- **Exercise aim**: Everything in the listing must be repeated exactly, apart from the images.

#### Information supplied

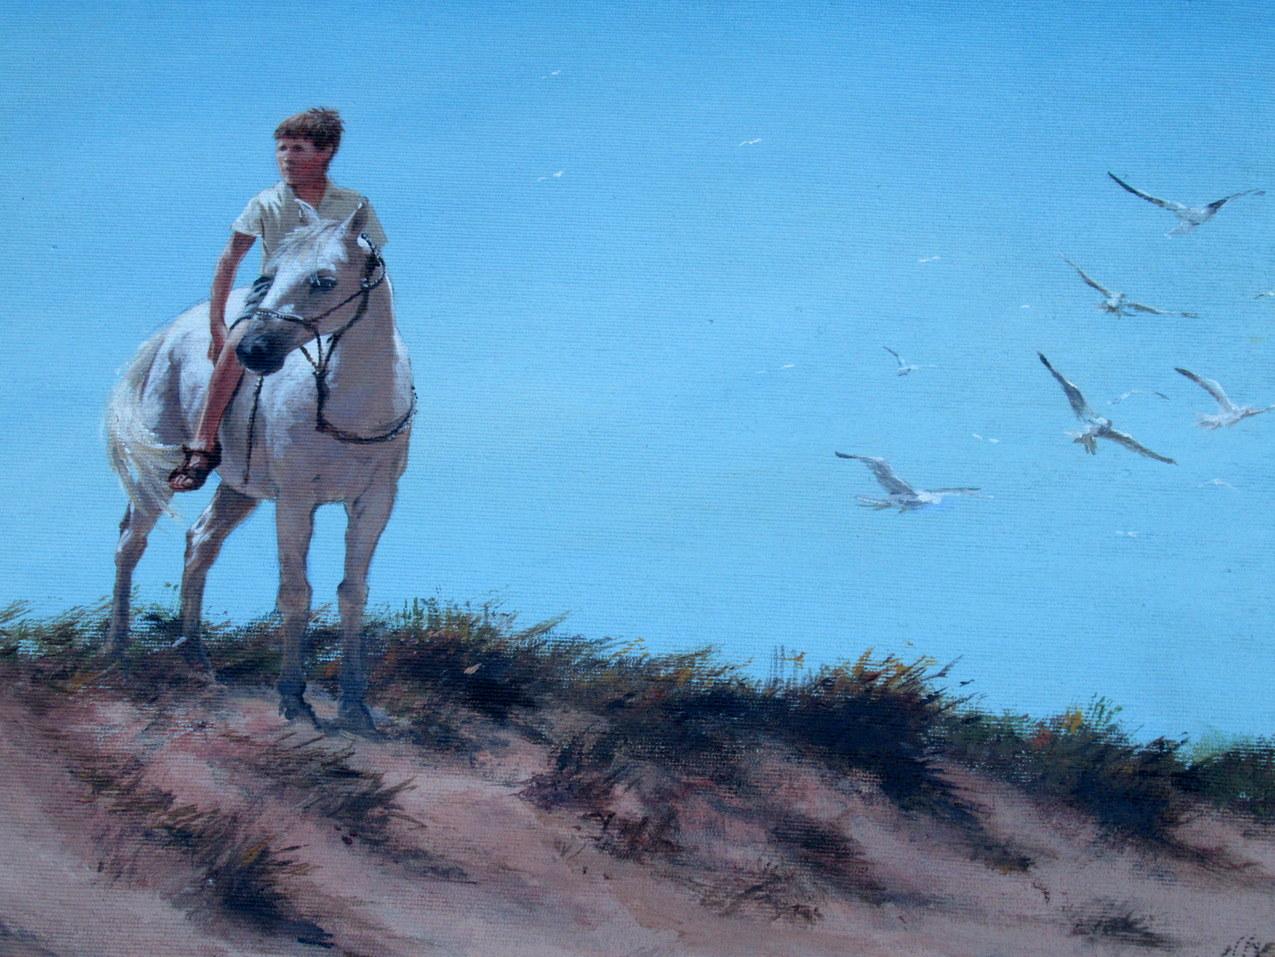 Superbe peinture irlandaise à l'huile sur toile encadrée, peinte durant le dernier quart du 20e siècle, par Ted Jones (Irlandais 1952-2017). 

Ce magnifique tableau représente un jeune homme à cheval dans des dunes de sable avec des mouettes en
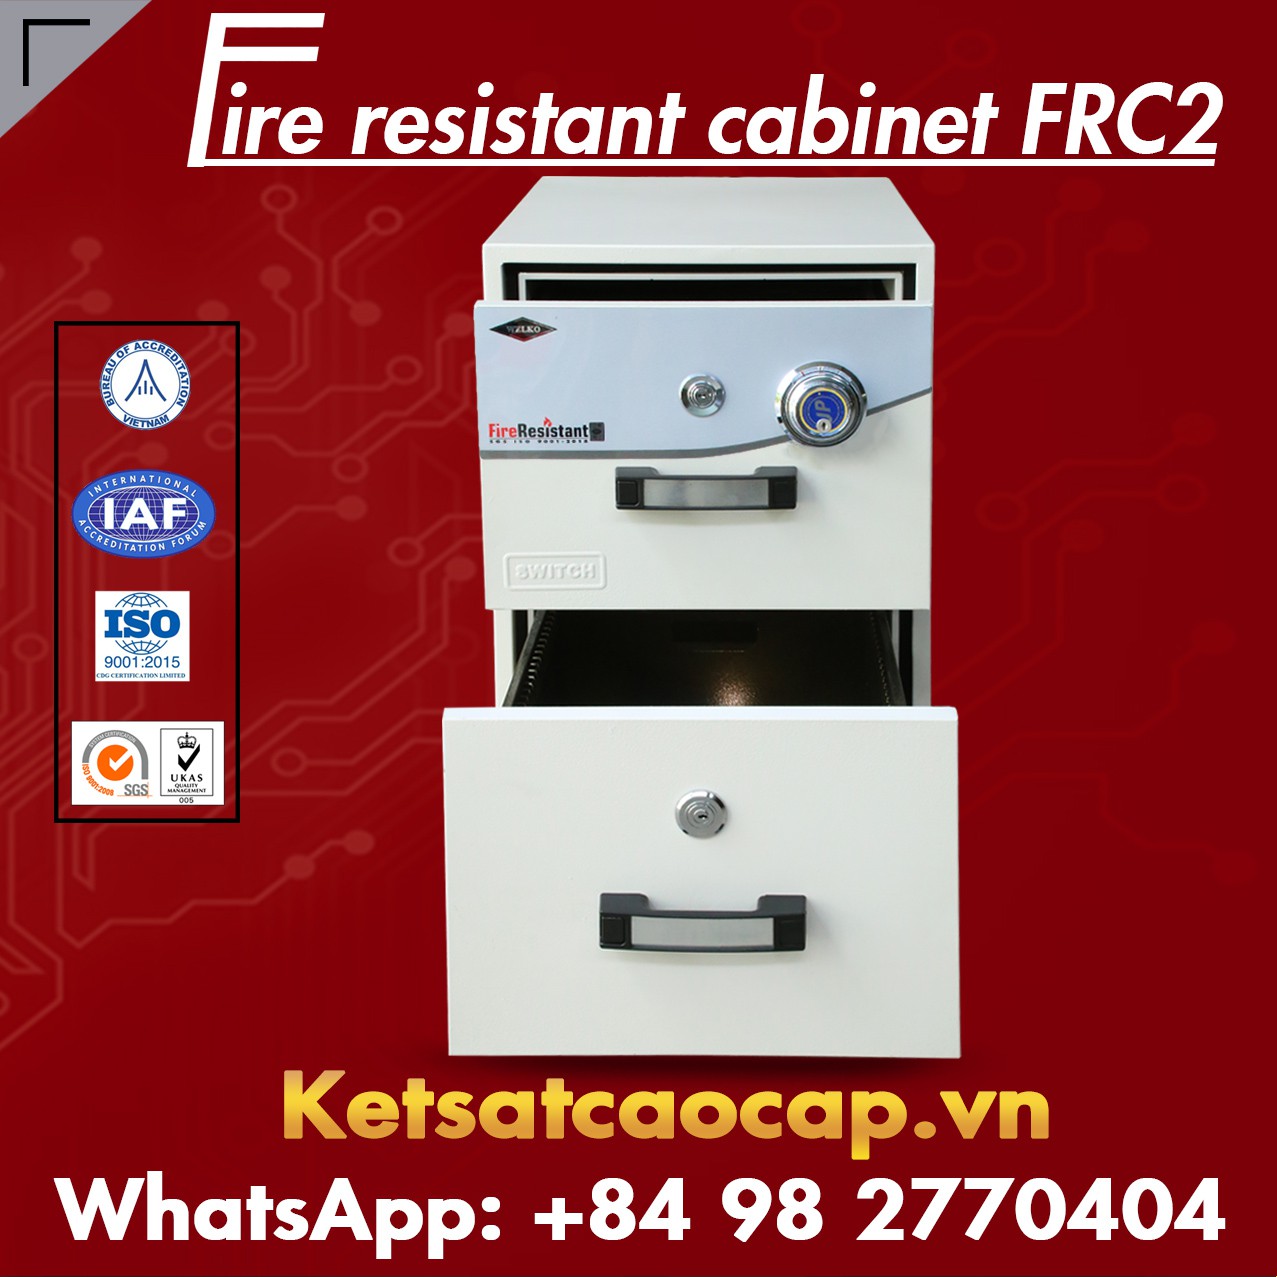 hình ảnh sản phẩm Tủ Sắt Chống Cháy WELKO FRC2 DK White

########

- **Reply**:
 Superbe peinture irlandaise à l'huile sur toile encadrée, peinte durant le dernier quart du 20e siècle, par Ted Jones (Irlandais 1952-2017). 

Ce magnifique tableau représente un jeune homme à cheval dans des dunes de sable avec des mouettes en
 hình ảnh sản phẩm Tủ Sắt Chống Cháy WELKO FRC2 DK White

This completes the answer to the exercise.